It seems the speech data needs to be scraped from a particular website, and the official codebases for the paper do not count for the changed website structure. These links may be helpful:

holylovenia commented 3 months ago

It seems the speech data needs to be scraped from a particular website, and the official codebases for the paper do not count for the changed website structure. These links may be helpful: Opened issues on the repo https://github.com/festvox/datasets-CMU_Wilderness/issues/11 and https://github.com/festvox/datasets-CMU_Wilderness/issues/1 Reference scraper here, probably fixed it but have not yet tested

Thanks for inspecting this, @akhdanfadh! May I ask if you'll be able to check if the reference scraper fixed the problem or not (at least for the SEA languages)?

Also, it seems implementing this dataloader warrants a bonus since it's more complex than the others.

akhdanfadh commented 3 months ago

Got it @holylovenia, will do by Friday night.

holylovenia commented 3 months ago

Got it @holylovenia, will do by Friday night.

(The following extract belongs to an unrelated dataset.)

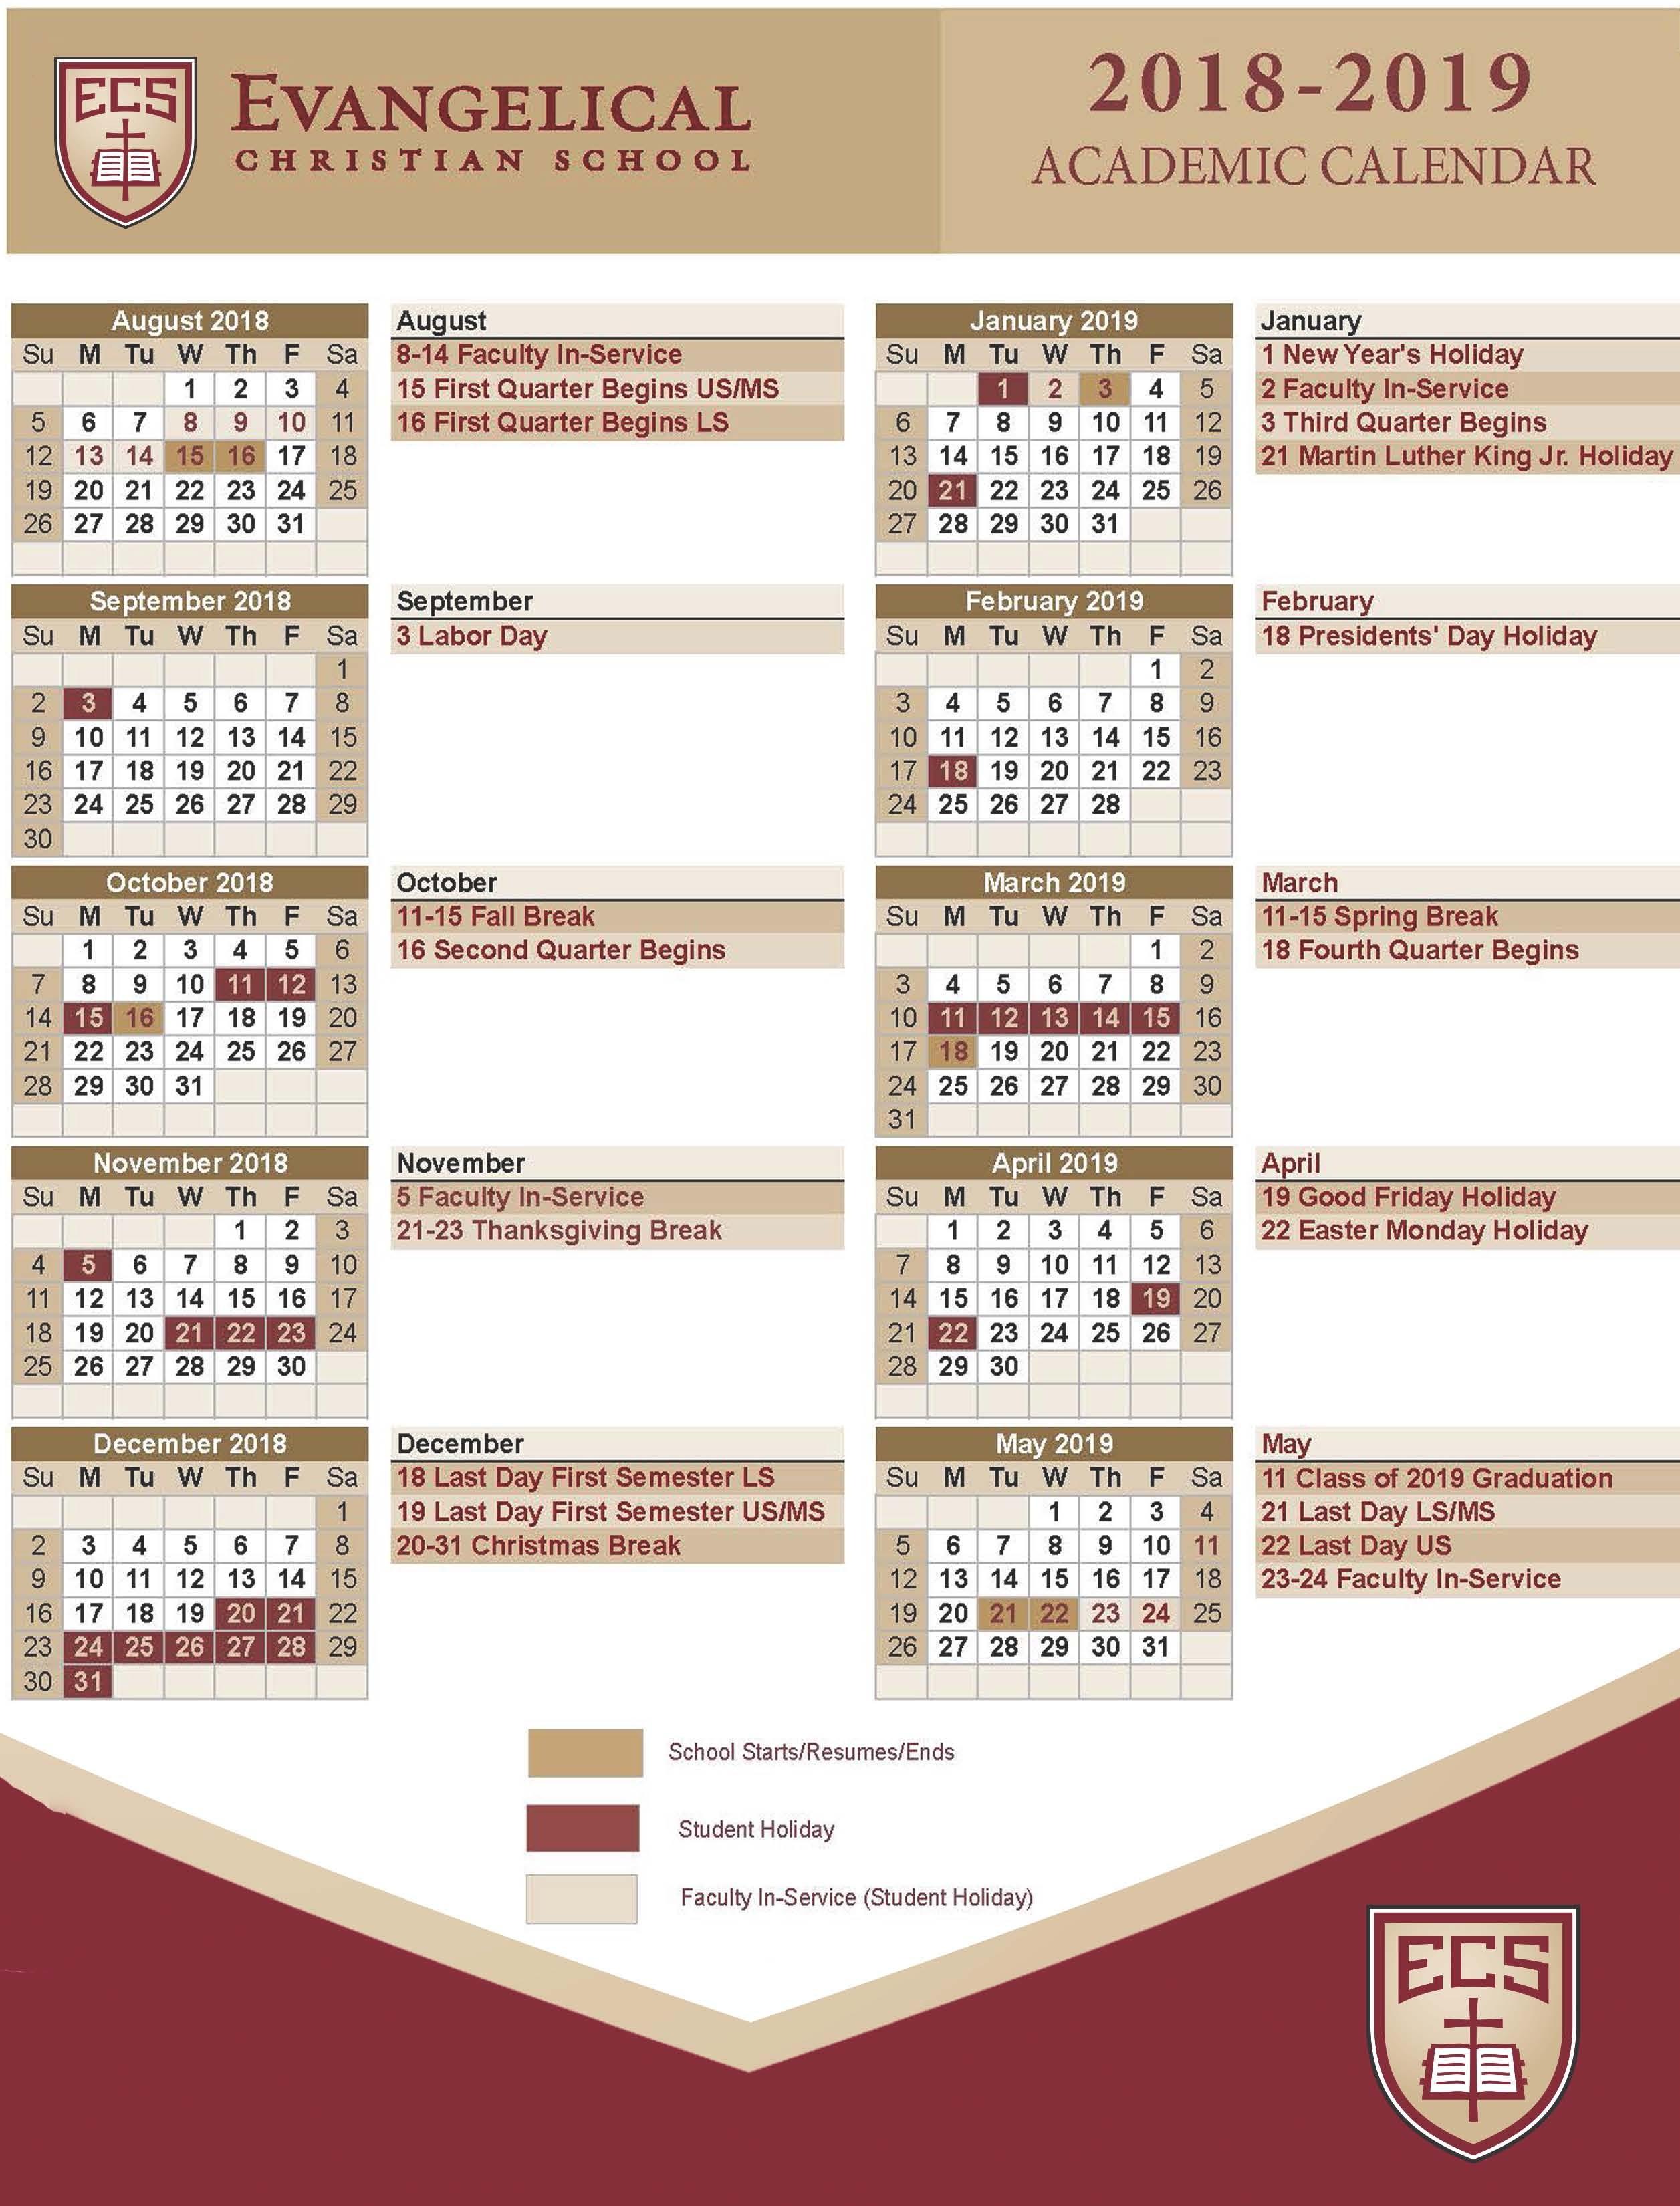 March Holiday Calendar 2019 Actual Calendars Evangelical Christian School Of March Holiday Calendar 2019 Más Caliente Printable March 2019 Calendar Template Holidays Yes Calendars

Thanks a lot, @akhdanfadh!!

akhdanfadh commented 3 months ago

After further observation, this problem was more about the dataset not being up-to-date, not just the outdated website scraper. The language ID used on the current Bible website does not match the LANGID used on the dataset website. For example, there are 3 LANGID for Indonesian dataset (INZNTV, INZSHL, INZTSI), but on the current Bible website for Indonesian, the codes are INDASV and INDTSI. With this, I think it will be difficult to implement the dataloader because inevitably someone has to match the existing dataset with the latest data on the website for all ASEAN languages.

@holylovenia @SamuelCahyawijaya @sabilmakbar

holylovenia commented 3 months ago

After further observation, this problem was more about the dataset not being up-to-date, not just the outdated website scraper. The language ID used on the current Bible website does not match the LANGID used on the dataset website. For example, there are 3 LANGID for Indonesian dataset (INZNTV, INZSHL, INZTSI), but on the current Bible website for Indonesian, the codes are INDASV and INDTSI. With this, I think it will be difficult to implement the dataloader because inevitably someone has to match the existing dataset with the latest data on the website for all ASEAN languages.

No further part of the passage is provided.